Rashada Williams

Personal information
- Full name: Rashada Shieka Williams
- Born: 23 February 1997 (age 29)
- Batting: Right-handed
- Role: Wicket-keeper

International information
- National side: West Indies;
- ODI debut (cap 93): 15 July 2021 v Pakistan
- Last ODI: 21 June 2024 v Sri Lanka
- T20I debut (cap 63): 28 September 2022 v New Zealand
- Last T20I: 3 May 2024 v Pakistan

Domestic team information
- 2014–present: Jamaica
- 2022: Guyana Amazon Warriors
- 2023–present: Barbados Royals
- Source: Cricinfo, 15 October 2024

= Rashada Williams =

West Indian cricketer (born 1997)

Rashada Williams (born 23 February 1997) is a Jamaican cricketer who plays for the Jamaica women's national cricket team in the Women's Super50 Cup and the Twenty20 Blaze tournaments.

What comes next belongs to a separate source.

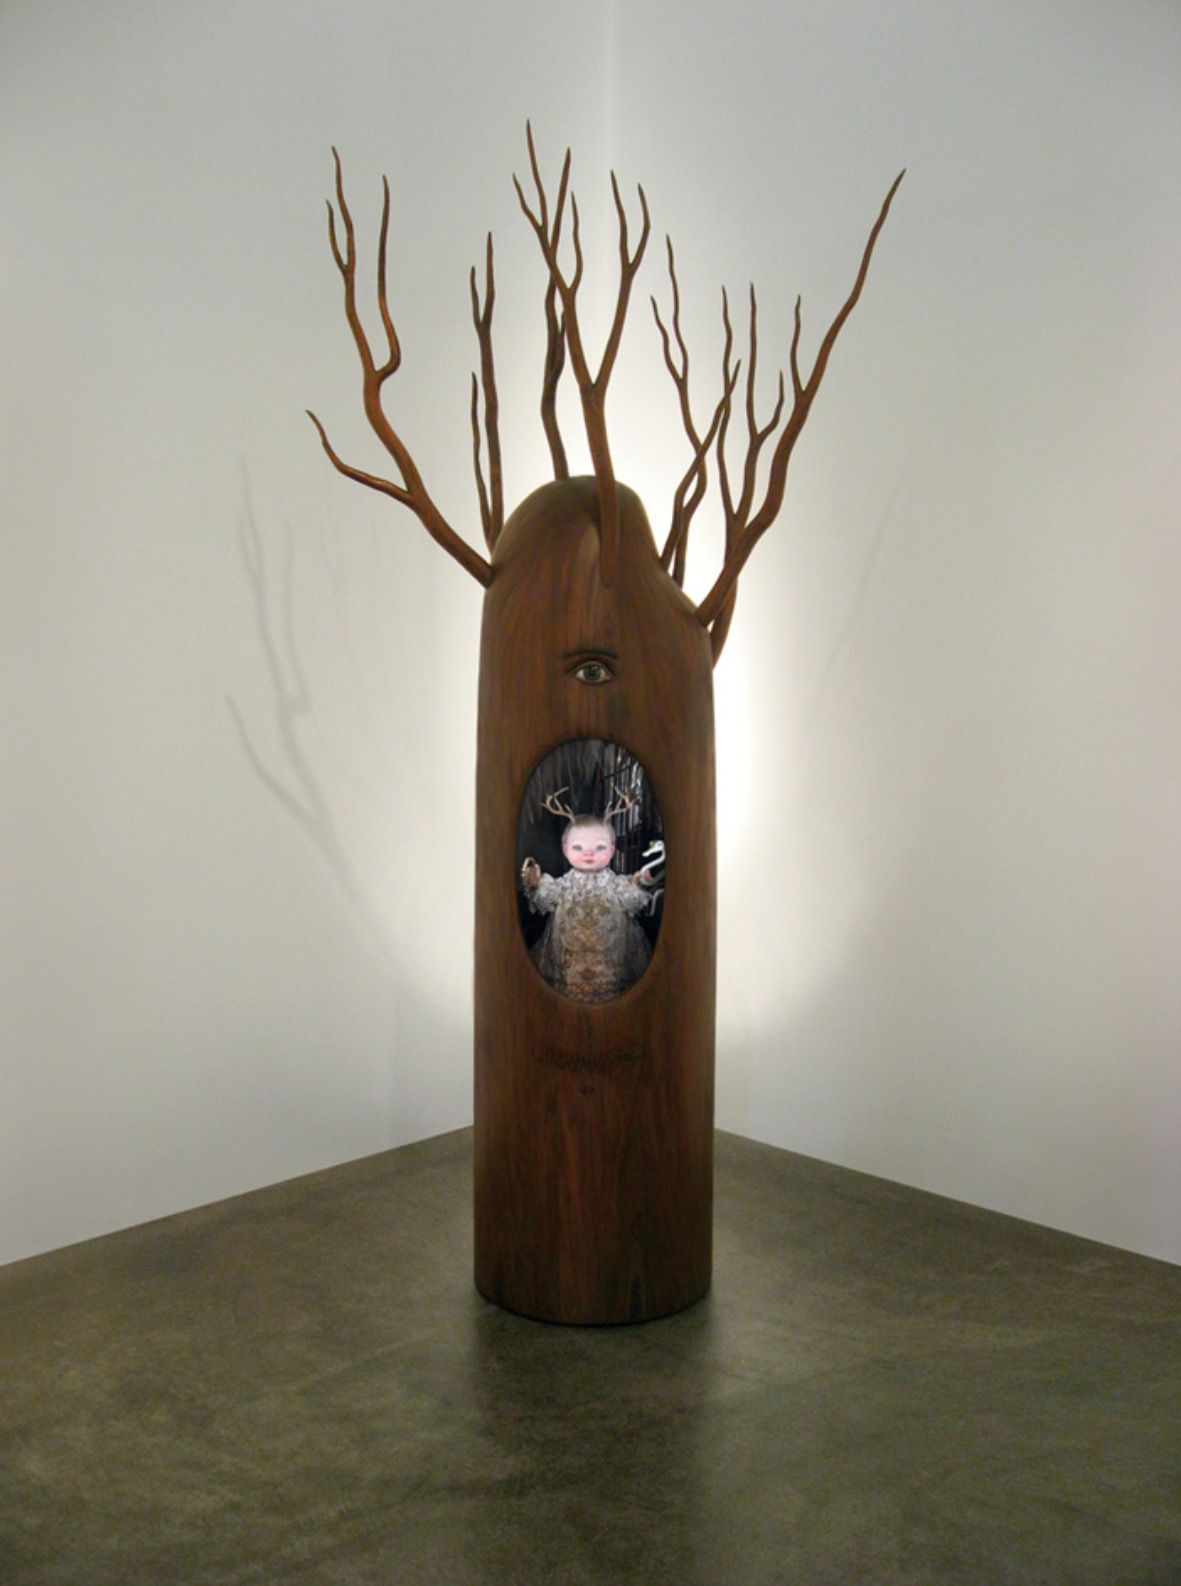 Mark ryden the tree show cernunnos 672006
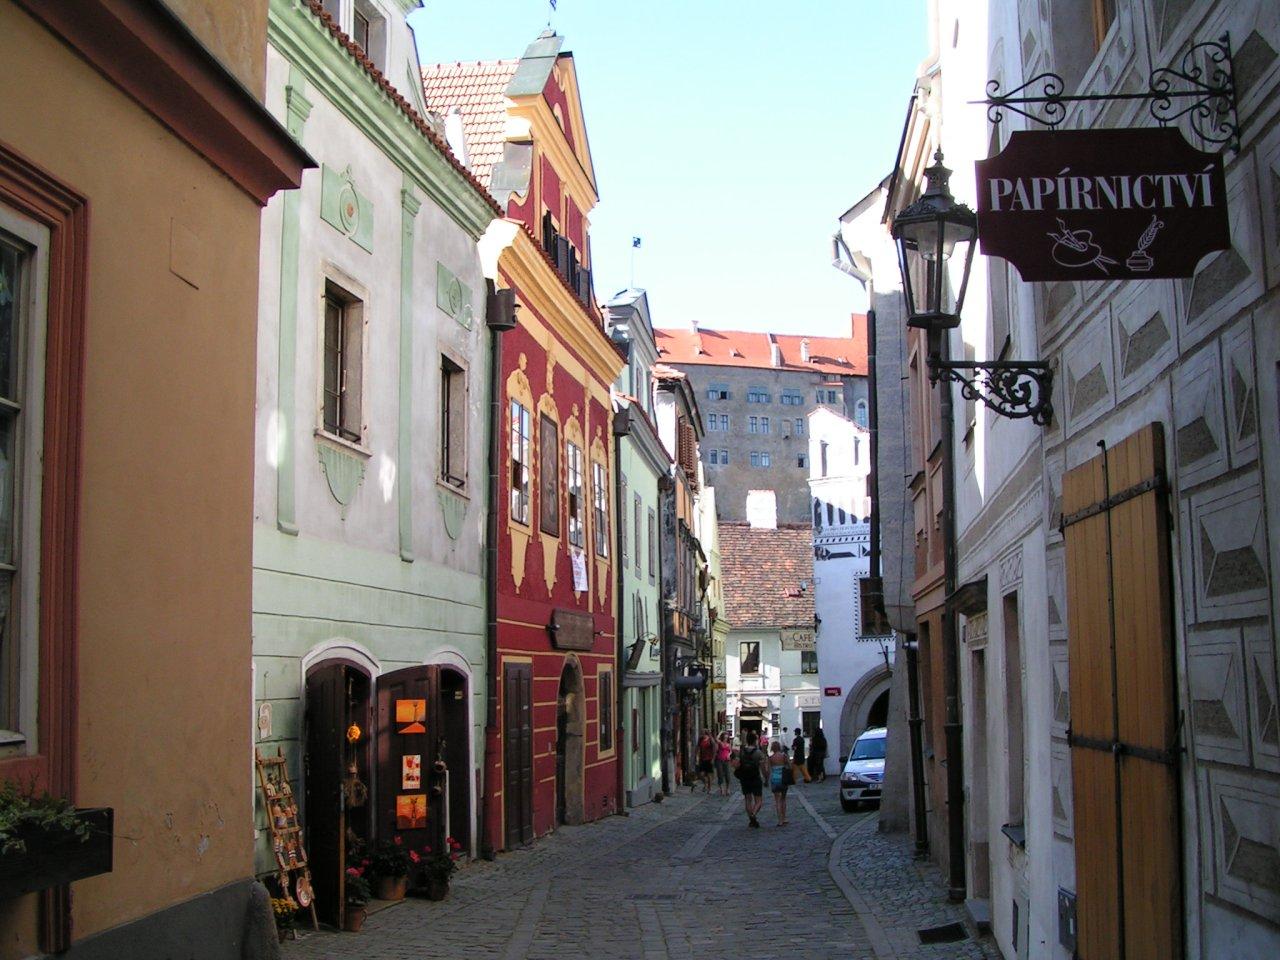 Streets of the old city, Cesky Krumlov, Czech Republic

In January 2019, Williams was named in the West Indies' squad for their tour of Pakistan. In April 2021, Williams was named in Cricket West Indies' high-performance training camp in Antigua.

In June 2021, Williams was named in the West Indies A Team for their series against Pakistan. On 12 July 2021, Cricket West Indies added Williams to their Women's One Day International (WODI) squad for the final three matches against Pakistan. She made her WODI debut on 15 July 2021, for the West Indies against Pakistan.

In October 2021, she was named in the West Indies team for the 2021 Women's Cricket World Cup Qualifier tournament in Zimbabwe. In February 2022, she was named in the West Indies team for the 2022 Women's Cricket World Cup in New Zealand.

Williams was part of the West Indies squad for the 2025 Women's Cricket World Cup Qualifier in Pakistan in April 2025.